The Cost of Capital: What does it cost to use OPM (Other People’s Money) to fund real estate investments.

As someone with 7 years of experience in the real estate industry as a private money broker, consultant, adviser and now developer of the REINDEER platform and organization I feel people need to have a better baseline understanding of how capital works. How does OPM work?

The cost of capital for real estate investors using OPM (Other People’s Money) varies based on several factors, including the type of property, the purpose (flipping or holding for rental), and the sources of financing.

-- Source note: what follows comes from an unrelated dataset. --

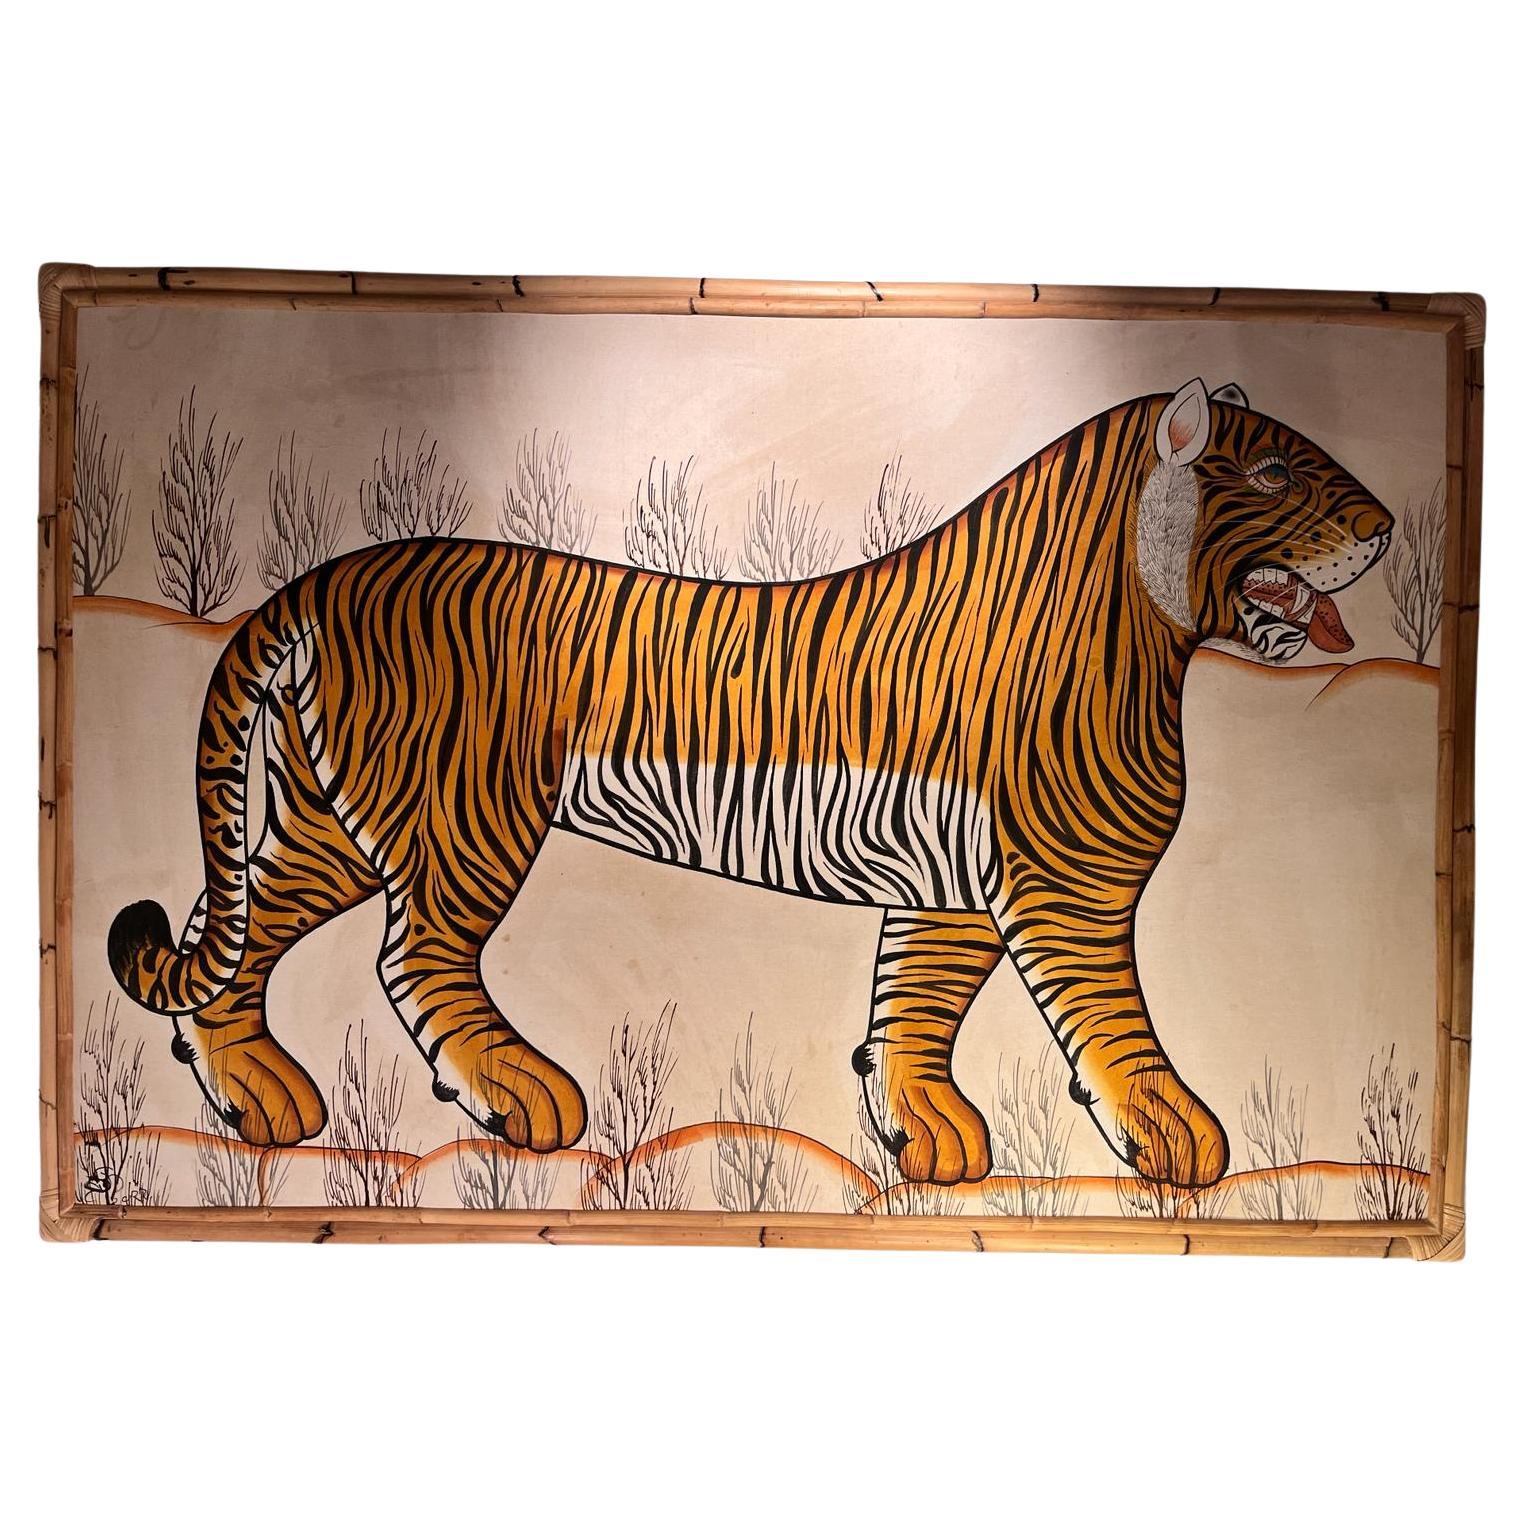 Oil on canva tiger by Jaime Parladé  For Sale
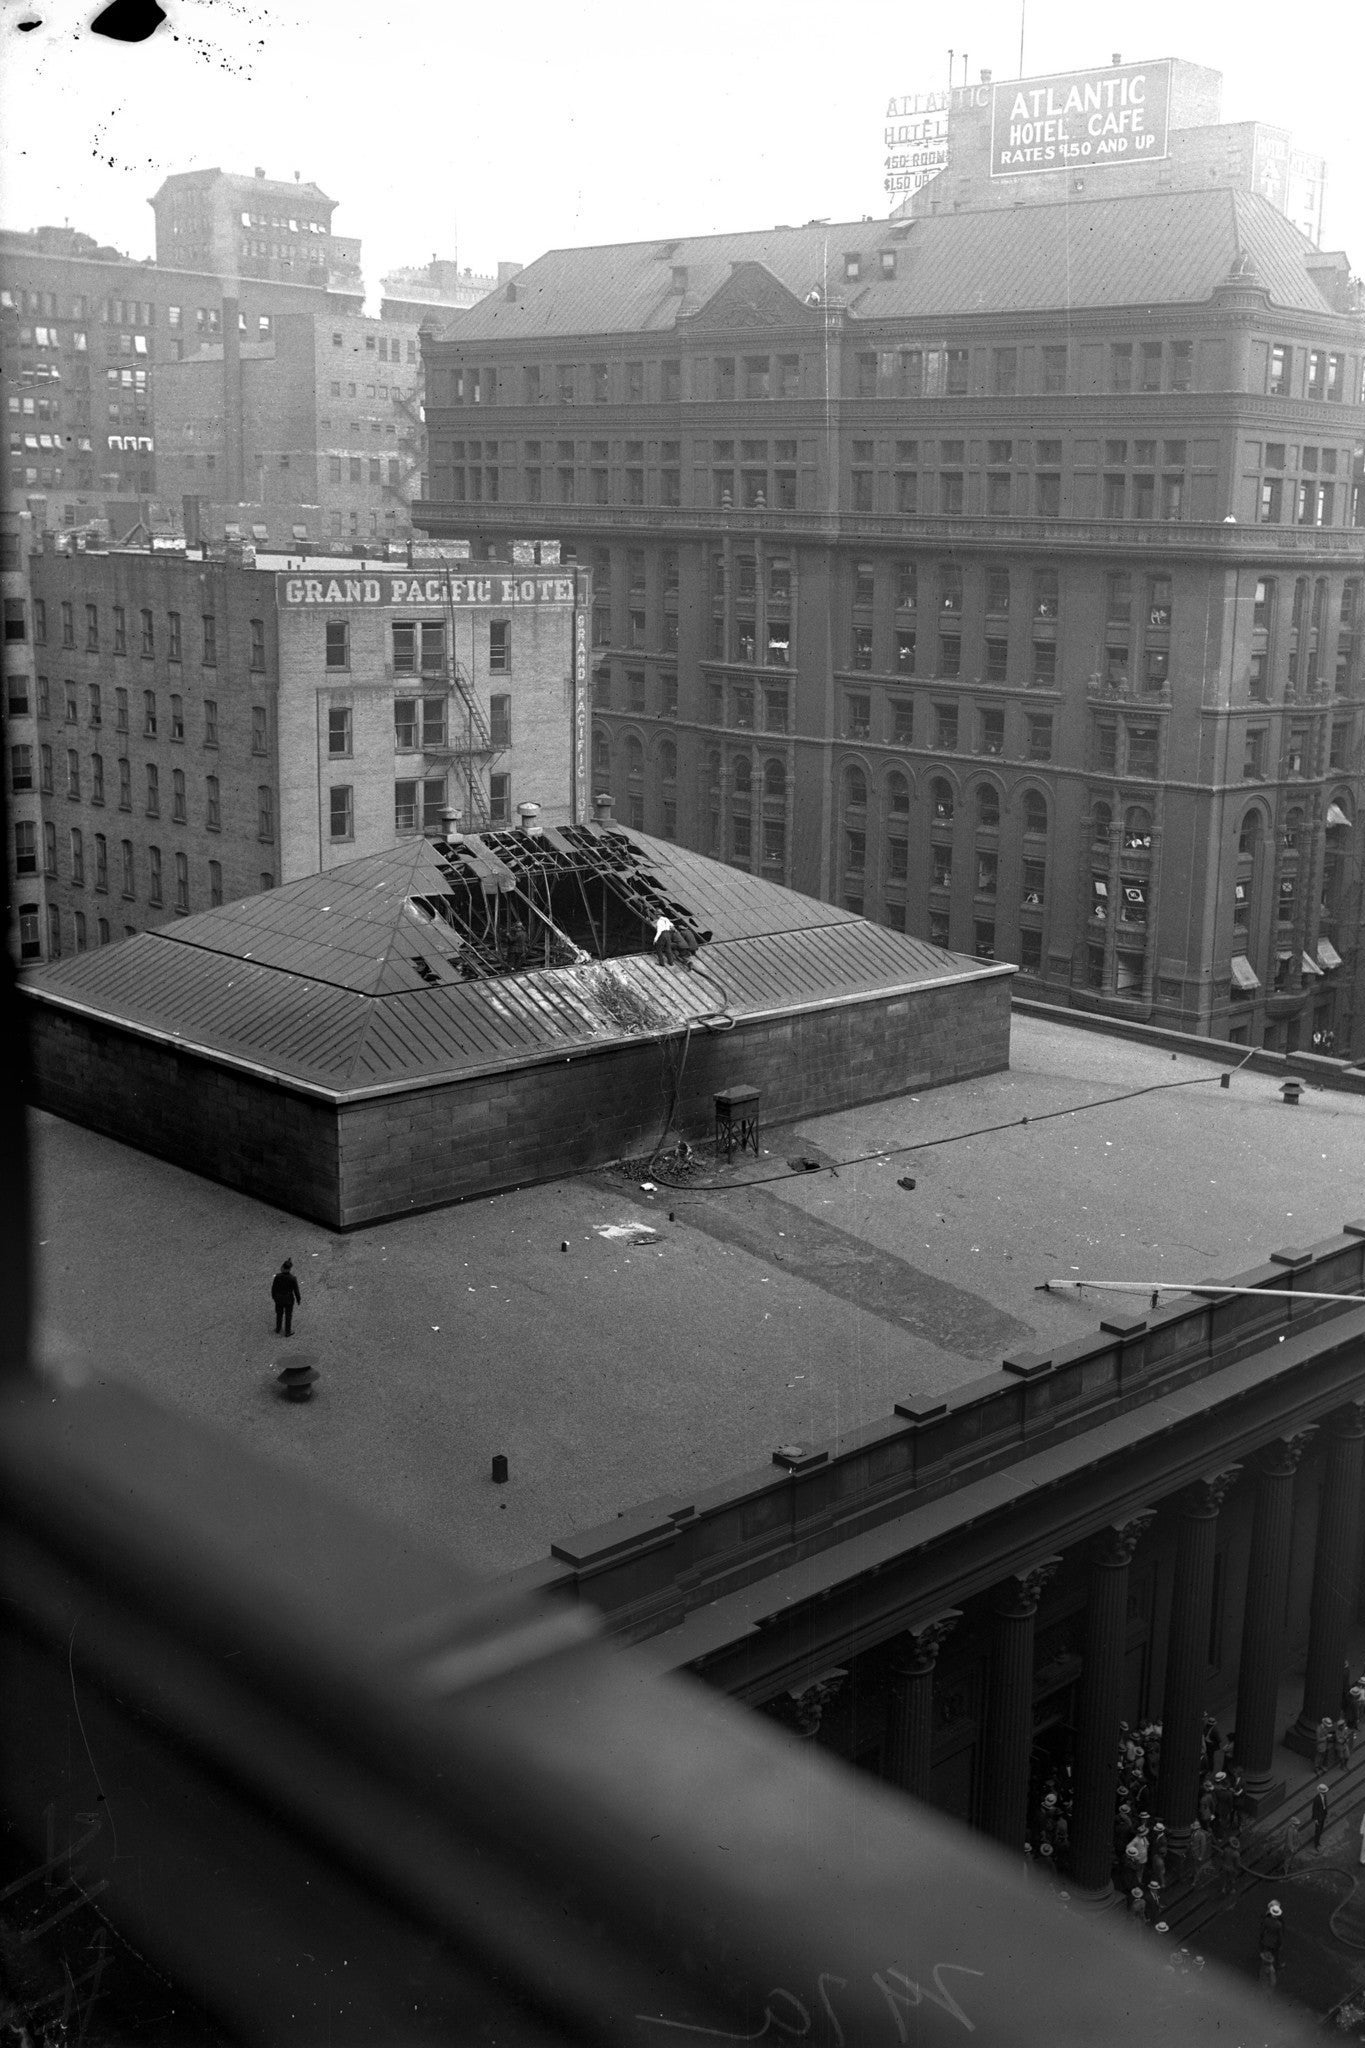 The roof of the bank after the crash, showing a blimp-sized hole in the skylight.

Here’s a summary:

1. Flipping Properties

  • Hard Money Loans:
    • Interest Rates: Typically between 10% to 15%.
    • Loan Points: Usually 2% to 4% of the loan amount.
    • Term: Short-term, usually 6 to 12 months.
    • Pros: Quick approval, less stringent credit requirements.
    • Cons: High cost, quick repayment required.
  • Private Money Loans:
    • Interest Rates: Generally range from 6% to 12%.
    • Loan Points: Often 1% to 3%.
    • Term: Flexible, often 6 months to 2 years.
    • Pros: More flexible terms, negotiation potential.
    • Cons: Higher rates compared to traditional financing, relationship-based.

2. Holding Properties for Rentals

  • Traditional Mortgages:
    • Interest Rates: Approximately 4% to 7% for investment properties.
    • Down Payment: Typically 20% to 25%.
    • Term: Long-term, usually 15 to 30 years.
    • Pros: Lower interest rates, longer terms, fixed monthly payments.
    • Cons: Strict credit and income requirements, longer approval process.
  • Commercial Loans:
    • Interest Rates: Around 5% to 8%.
    • Down Payment: Often 20% to 35%.
    • Term: Generally 5 to 20 years.
    • Pros: Suitable for larger properties, can cover mixed-use properties.
    • Cons: Higher rates than residential mortgages, shorter terms.
  • Portfolio Loans:
    • Interest Rates: Typically 5% to 9%.
    • Down Payment: Usually 20% to 25%.
    • Term: Often 3 to 10 years with a balloon payment.
    • Pros: Can finance multiple properties, flexible terms.
    • Cons: Higher rates, balloon payment risk.

Additional Considerations

  • Equity Partnerships:
    • Involves sharing profits with partners in exchange for capital.
    • No fixed interest but profit sharing can be substantial.
  • Crowdfunding:
    • Platforms connect investors with opportunities.
    • Costs include platform fees, typically 2% to 3% of the raised capital, and investor returns.
  • Home Equity Loans/HELOCs:
    • Interest Rates: Typically 4% to 6%.
    • Used by leveraging existing property equity.
    • Pros: Lower interest rates, flexible use of funds.
    • Cons: Risk of losing current property if unable to repay.

Real estate investors should carefully consider the cost of capital, terms, and potential returns before choosing the financing method that best suits their investment strategy.